Supplied entries -
= = = =
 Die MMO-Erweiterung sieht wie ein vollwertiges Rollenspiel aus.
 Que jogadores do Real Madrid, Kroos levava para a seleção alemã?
= = = =
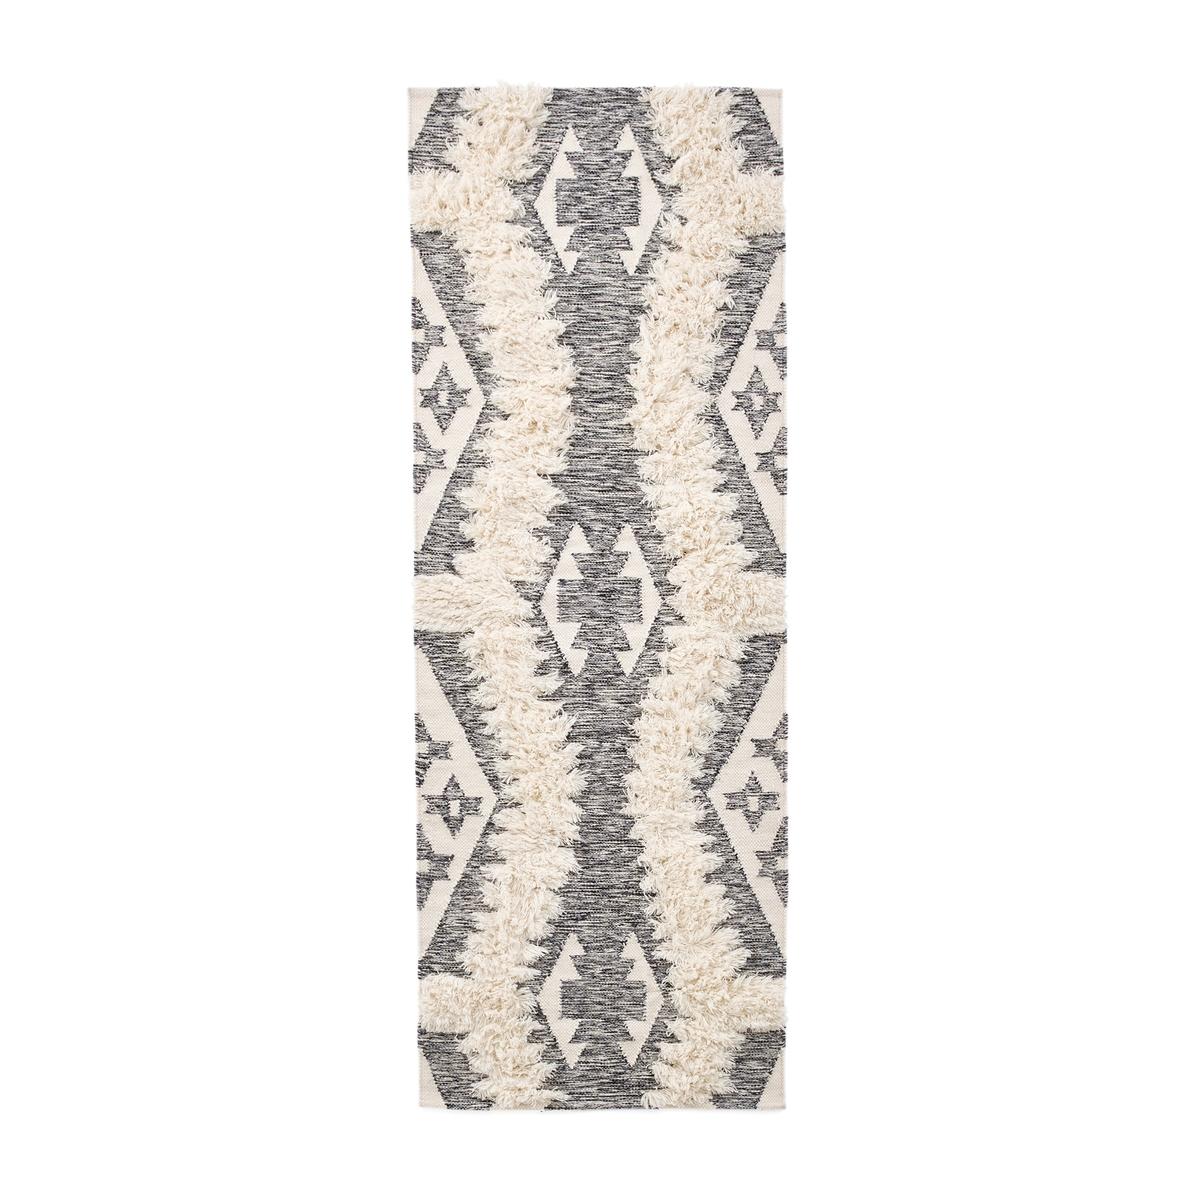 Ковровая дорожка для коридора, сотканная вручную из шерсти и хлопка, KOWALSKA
= = = =
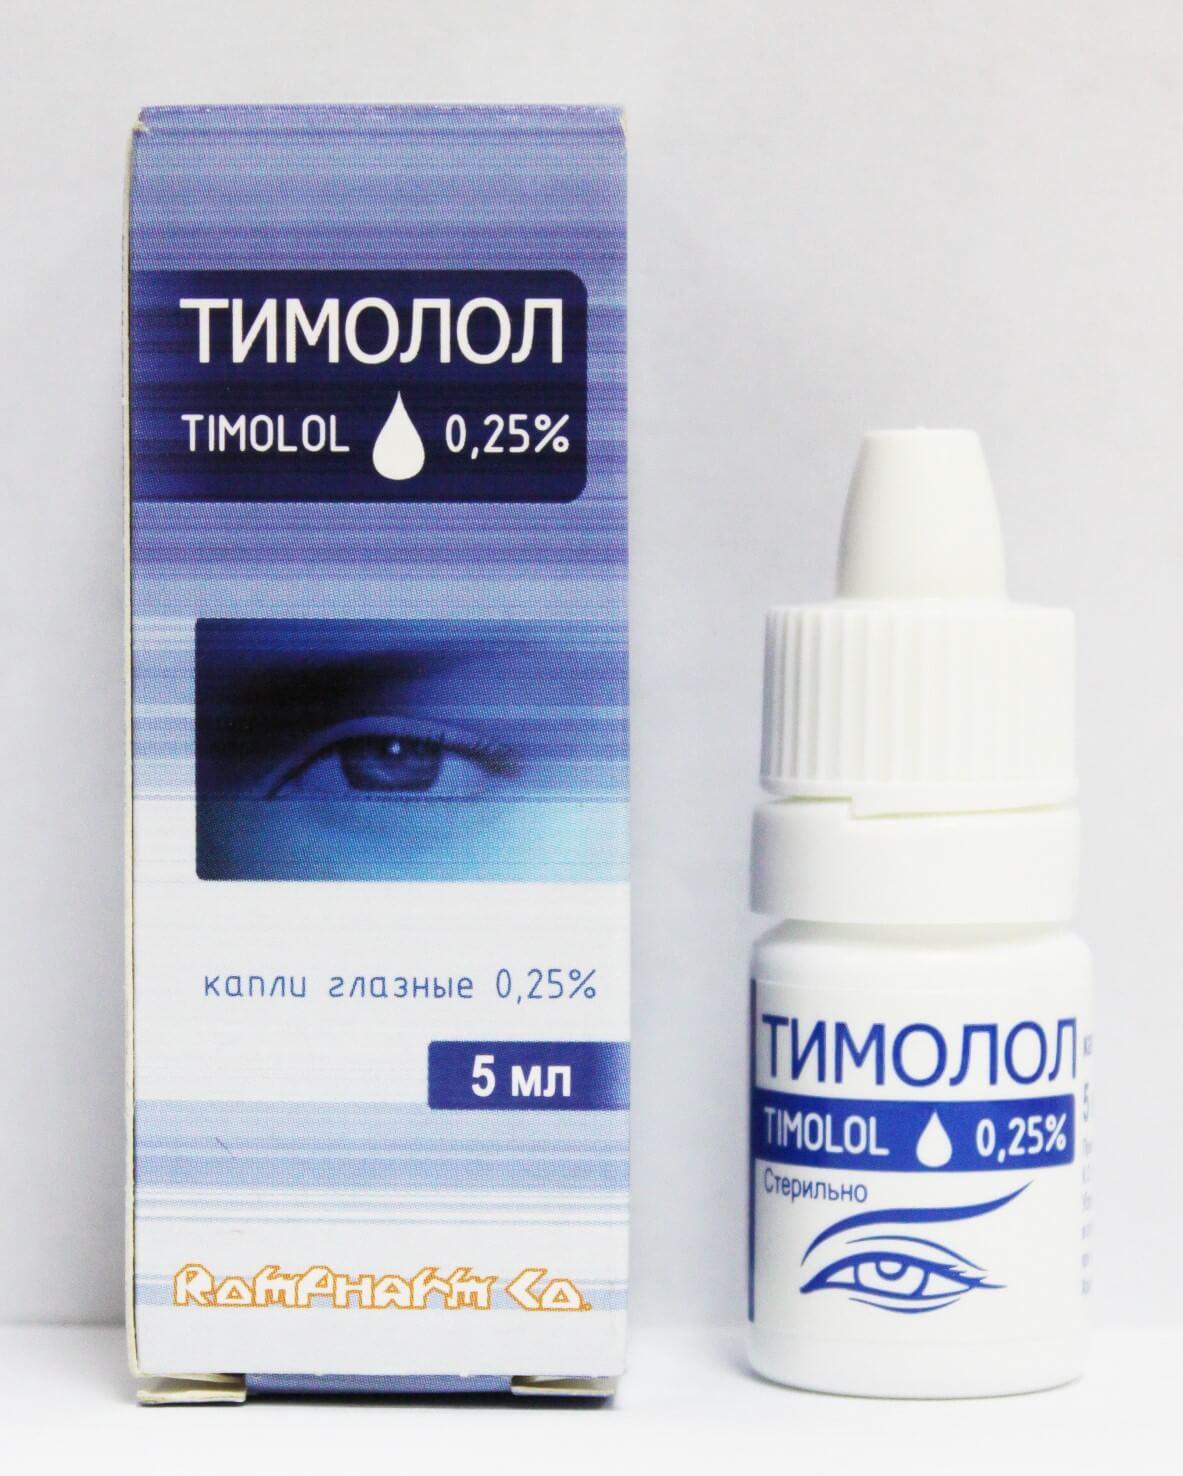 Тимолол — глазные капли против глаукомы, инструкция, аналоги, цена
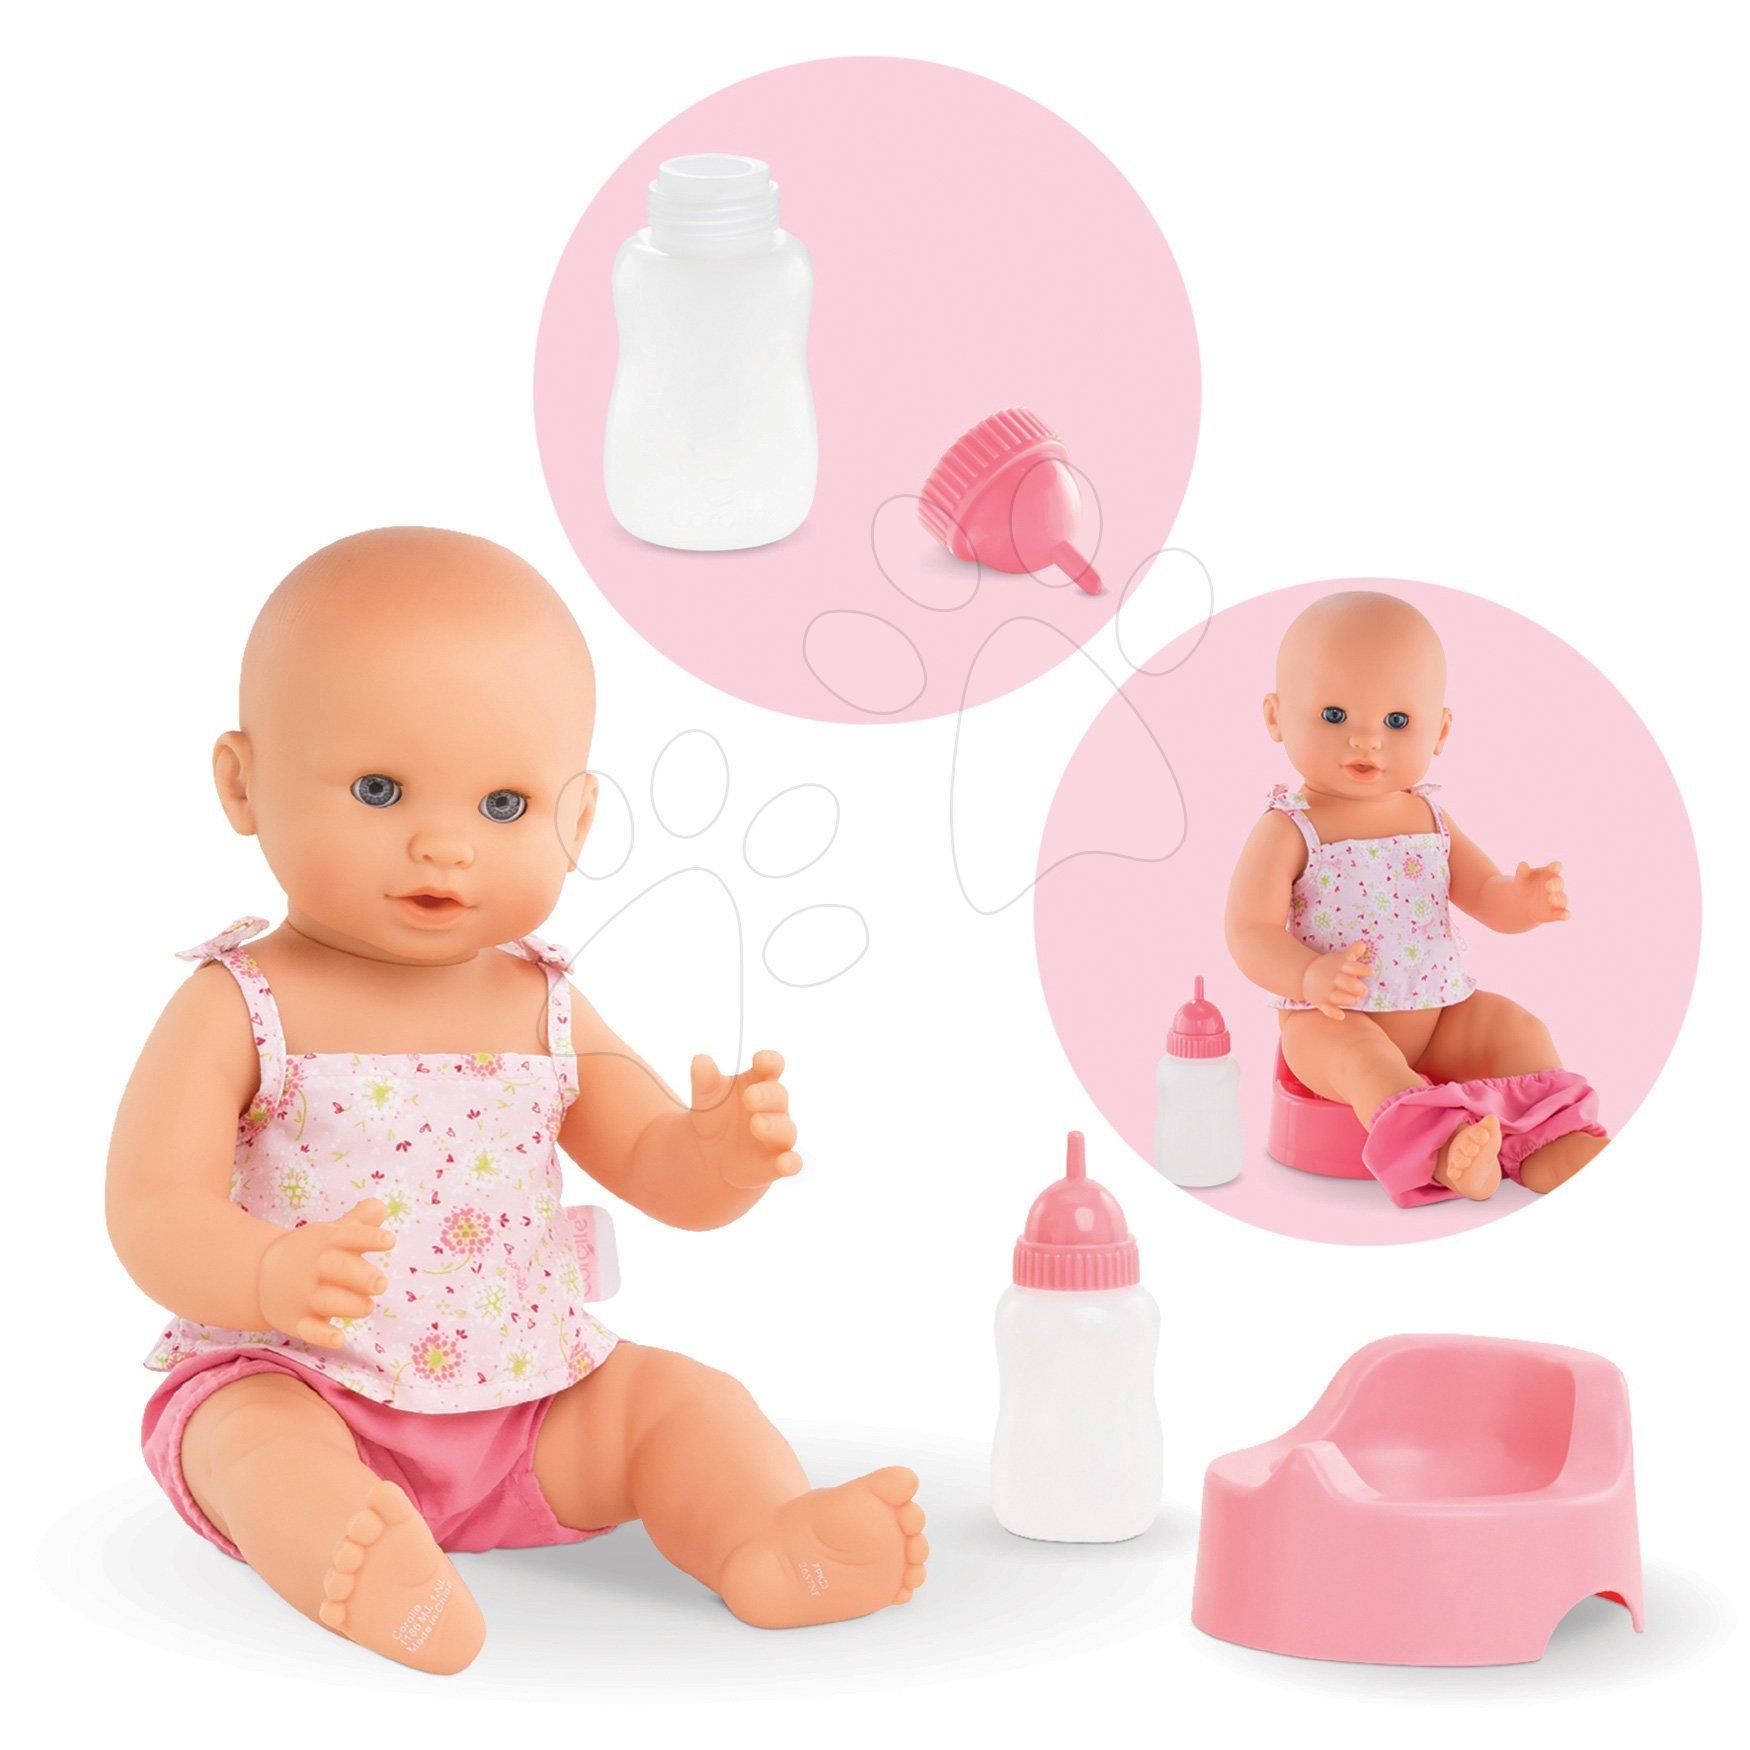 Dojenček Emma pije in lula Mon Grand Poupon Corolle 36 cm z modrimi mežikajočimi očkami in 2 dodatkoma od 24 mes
= = = =
When you reach the line containing "Die MMO-Erweiterung sieht" in the data above, start copying exactly, and stop after the line containing "Que jogadores do".

 Die MMO-Erweiterung sieht wie ein vollwertiges Rollenspiel aus.
 Que jogadores do Real Madrid, Kroos levava para a seleção alemã?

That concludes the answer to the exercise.